PROVIDED DATA:
---+---

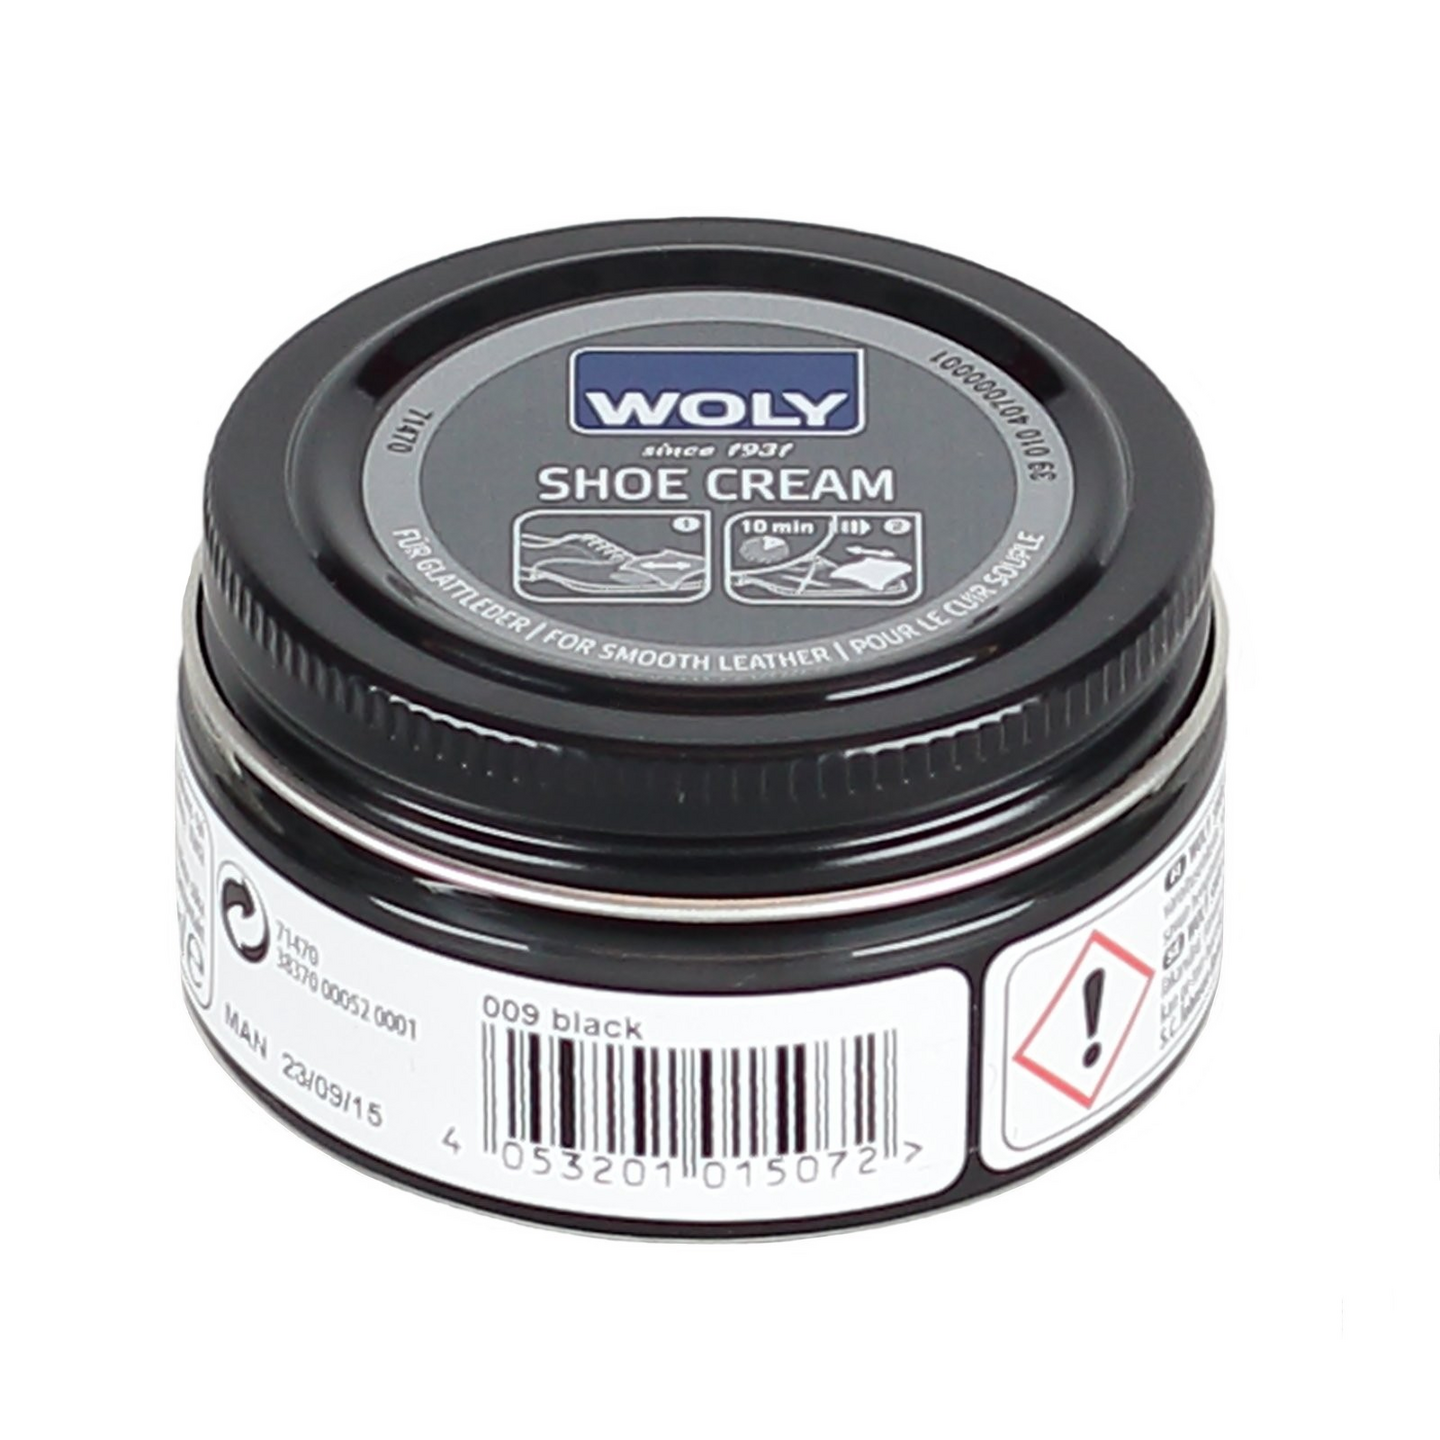 Woly Shoe Cream, musta, 50ml
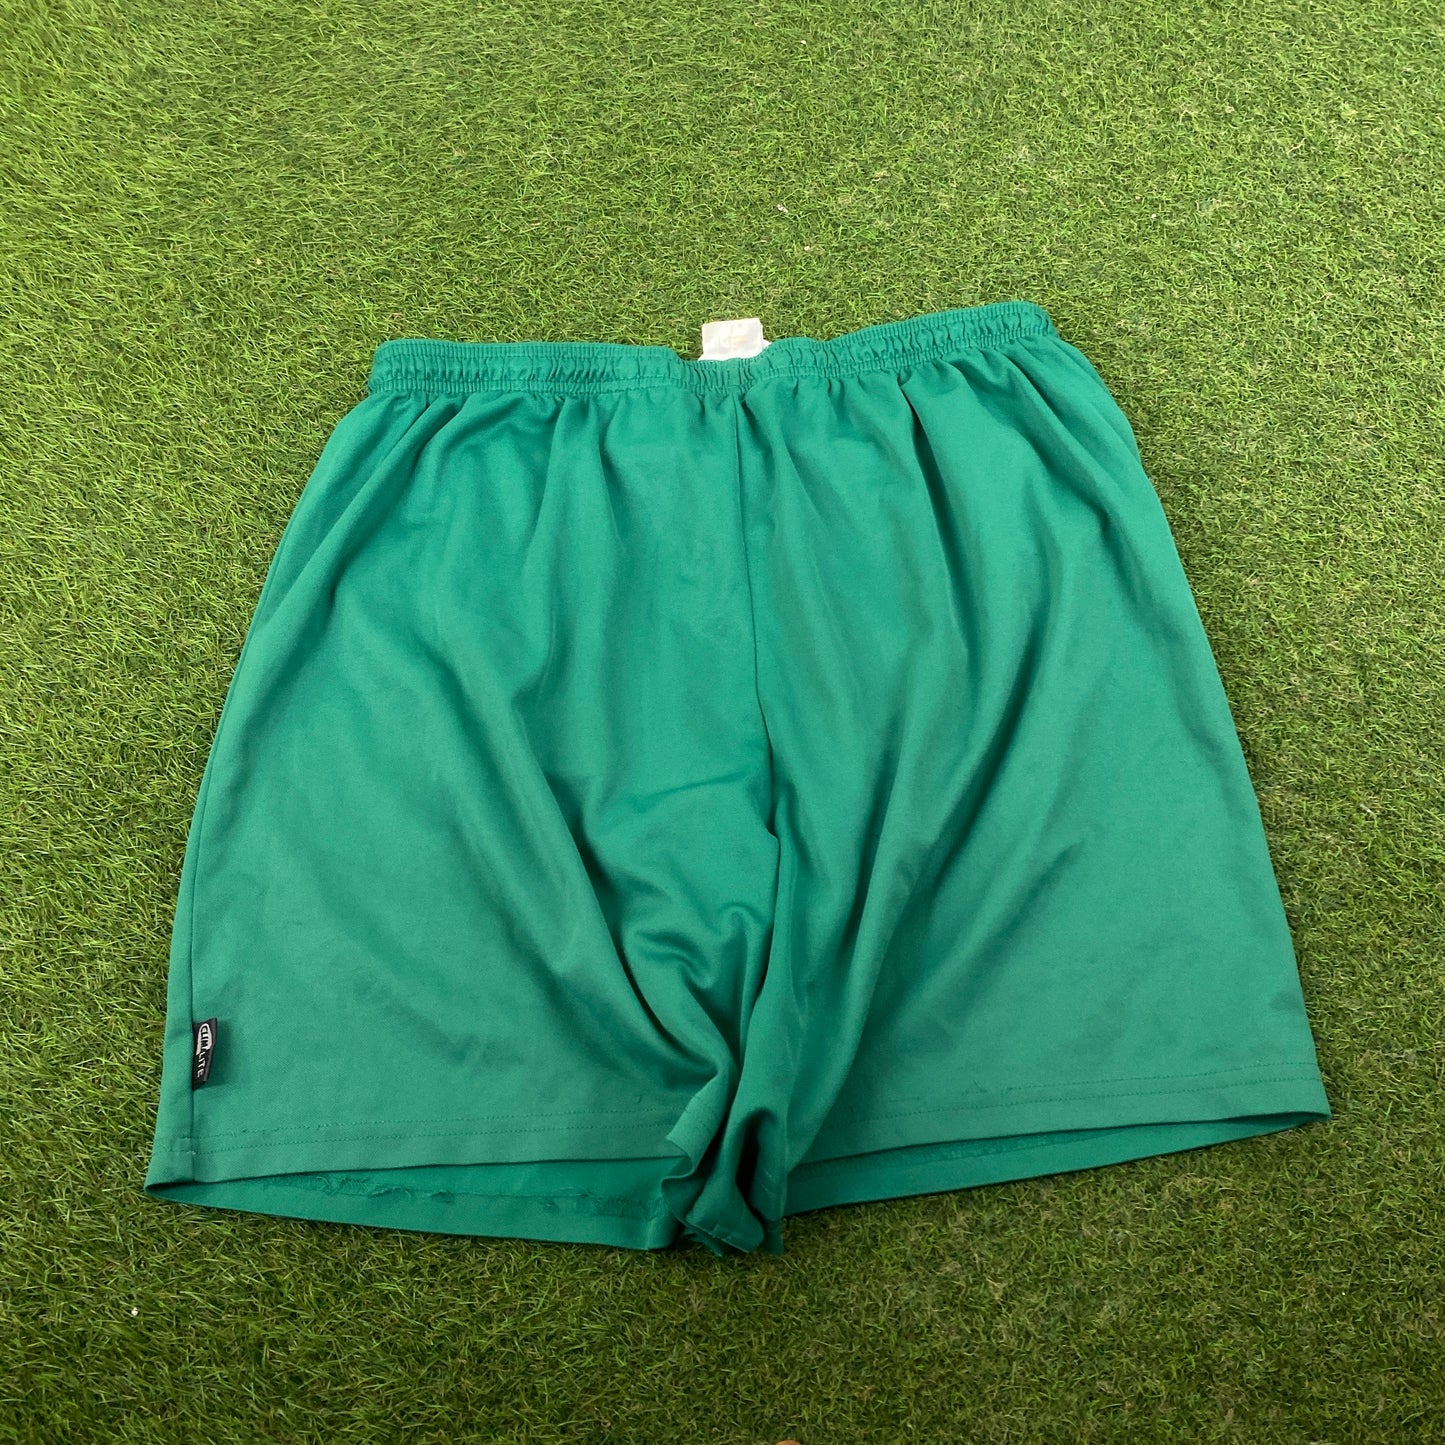 90s Adidas Football Shorts Green XL
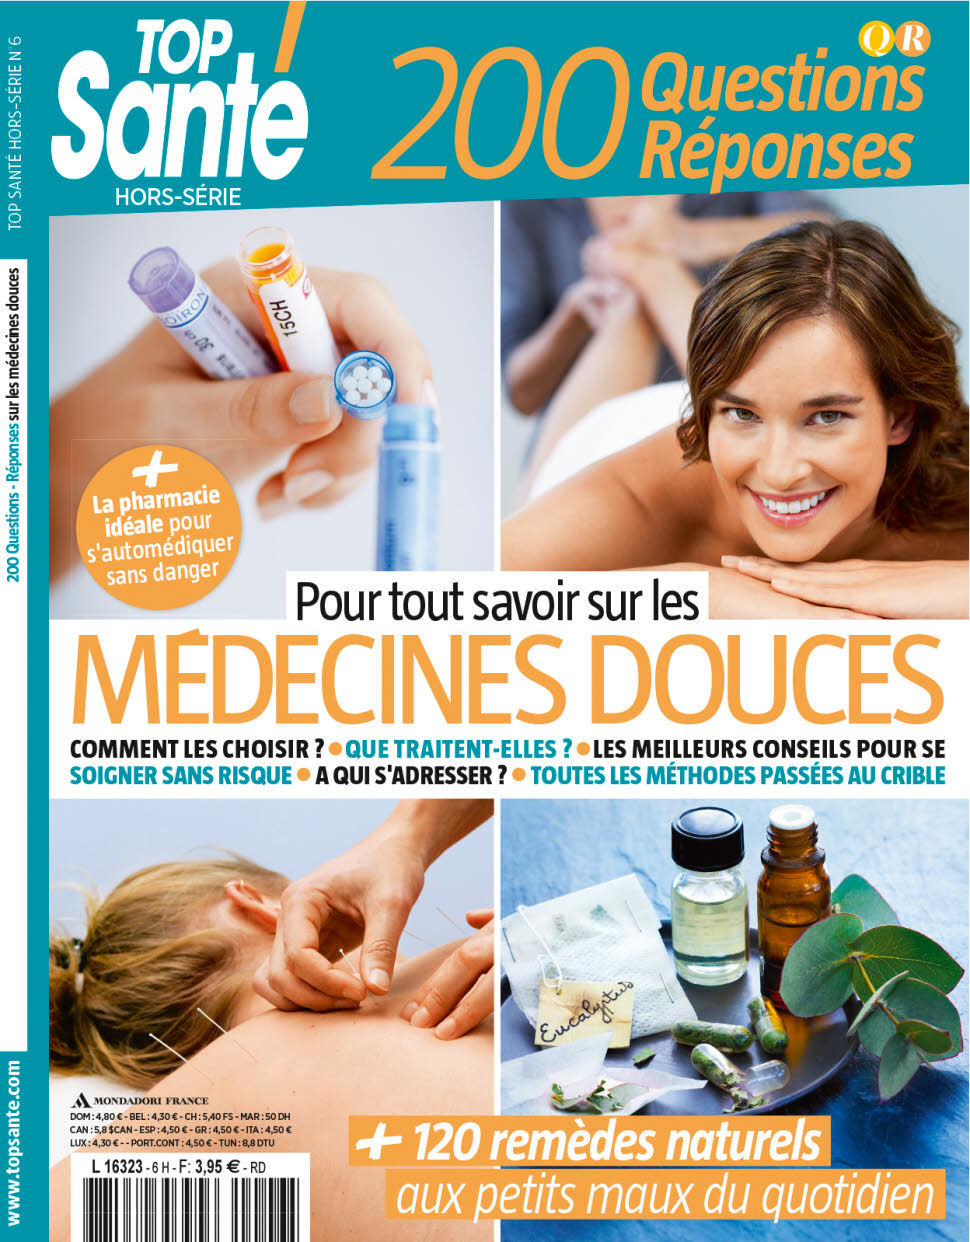 Top Santé Hors-Série N°6 - Medecines Douces

---+---

When you repeat the lines above, keep them exact and leave out each image they contain.

 Woly Shoe Cream, musta, 50ml
 90s Adidas Football Shorts Green XL
 Top Santé Hors-Série N°6 - Medecines Douces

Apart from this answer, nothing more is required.